Downtown Denver, as seen from the tenth-floor Verve apartment building Verve at 1490 Delgany Street, Denver Wednesday night, July 16, 2014.
Jon Murray portrait
PUBLISHED: | UPDATED:

Denver property owners will spend two decades paying off a massive $550 million program to fix roads and civic buildings.

Now is their chance to get some money back.

City leaders are preparing to borrow the final $12 million for the Better Denver Bond Program, approved by voters in 2007. Instead of issuing the bonds the usual way, to banks and other institutional investors, the city in early August will offer $500 “mini-bonds” for sale — and any resident of Colorado can buy them.

The pitch: Loan $500 to the city for nine years and get a 50 percent return. Hand it over for 14 years and double it, receiving $1,000 back when the bond matures. Each individual is limited to investing $20,000 when bonds go on sale Aug. 4-8.

On Tuesday, the city will begin promoting the mini-bonds on its website, denvergov.org.

“It’s a great opportunity for Colorado investors because these are relatively small denominations,” said Deputy Mayor Cary Kennedy, also Denver’s chief financial officer. “It’s a very attractive rate for a very safe investment. Denver is a AAA-rated city.”

Think of it like a government savings bond, with much higher interest rates available than banks and credit unions offer for certificates of deposit.

Doing it this way will cost the city more in the end, Kennedy said. But city leaders say they approved the mini-bonds, championed by City Councilwoman Jeanne Faatz, as a small portion of the Better Denver program because of its symbolic value. The council approved the mini-bonds 12-0 last month.

“It’s always been important to me to allow citizens to invest themselves in the projects they approve,” Faatz said. “Otherwise, they’re just on the payor end. I want them to get some of the interest.”

The new mini-bonds are the fifth batch offered by Denver since 1990, and by far the largest. In 2007, the city raised nearly $9 million from small investors toward the new downtown Denver Justice Center.

This time, they will pay for $5.4 million in deferred maintenance at Civic Center’s McNichols Building, $3.6 million in renovations to Boettcher Concert Hall and $3 million toward construction of the new Central Denver Recreation Center.

Those are the among the last of more than 300 projects covered by the Better Denver program.

“Places like Boettcher Concert Hall and the McNichols Building help create livable communities,” Mayor Michael Hancock said through a spokesman, “and the resources provided through the Denver Mini-Bonds will ensure a vibrant future for these institutions and venues.”

The city will split the $12 million available between the nine- and 14-year bonds.

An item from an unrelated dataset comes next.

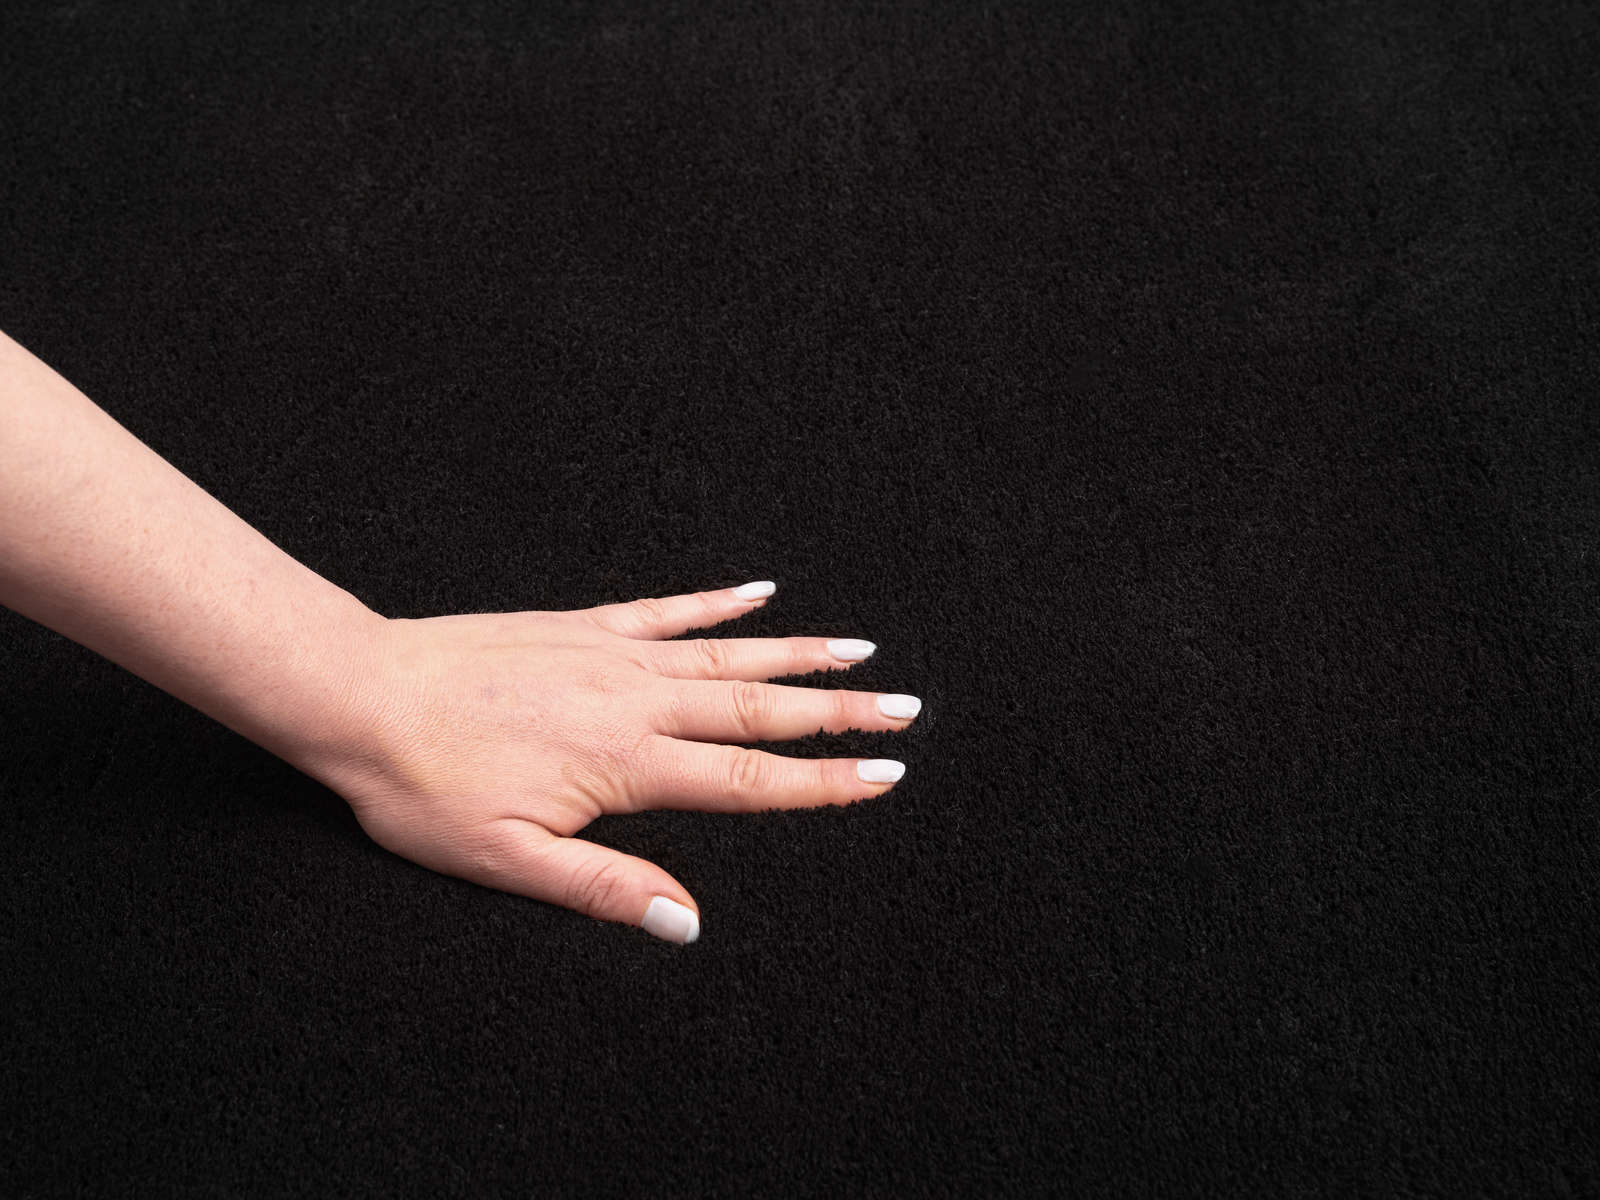             Velvety high pile carpet in black - 110 x 60 cm
        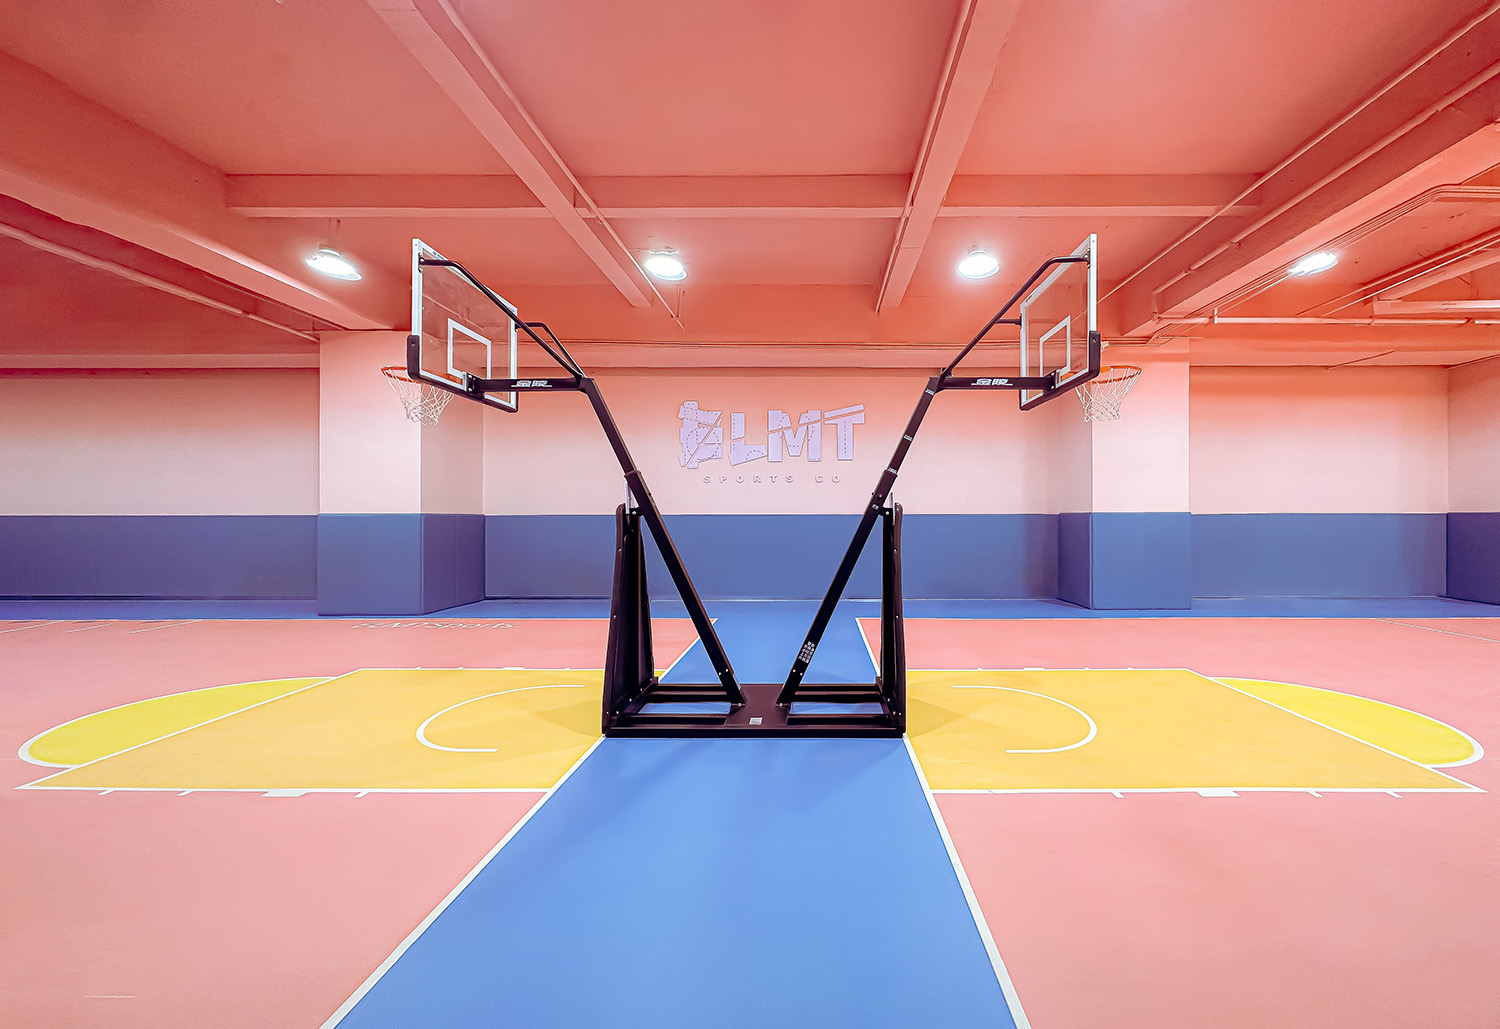 室內運動空間,籃球場設計,籃球館設計,室內籃球場設計,運動空間設計,昆明元素體育海樂世界3.0,昆明,平介設計,楊楠

The mini-bonds will come with fixed compounding interest rates — estimated at 4.26 percent for a nine-year term and 4.8 percent for a 14-year term — that beat rates offered on certificates of deposit by large local credit unions. Those currently top out at about 1.5 percent.

Plus, interest on municipal bonds is tax-free. That increases the equivalent interest rate by more than 2 percentage points, the city says.

When the bonds go on sale, they will be available online; at Vectra Bank, 1650 S. Colorado Blvd.; and by mail, at Better Denver Mini-Bonds, 1001 17th St. Suite 850, Denver, CO 80202. The latter two options require an official bank check.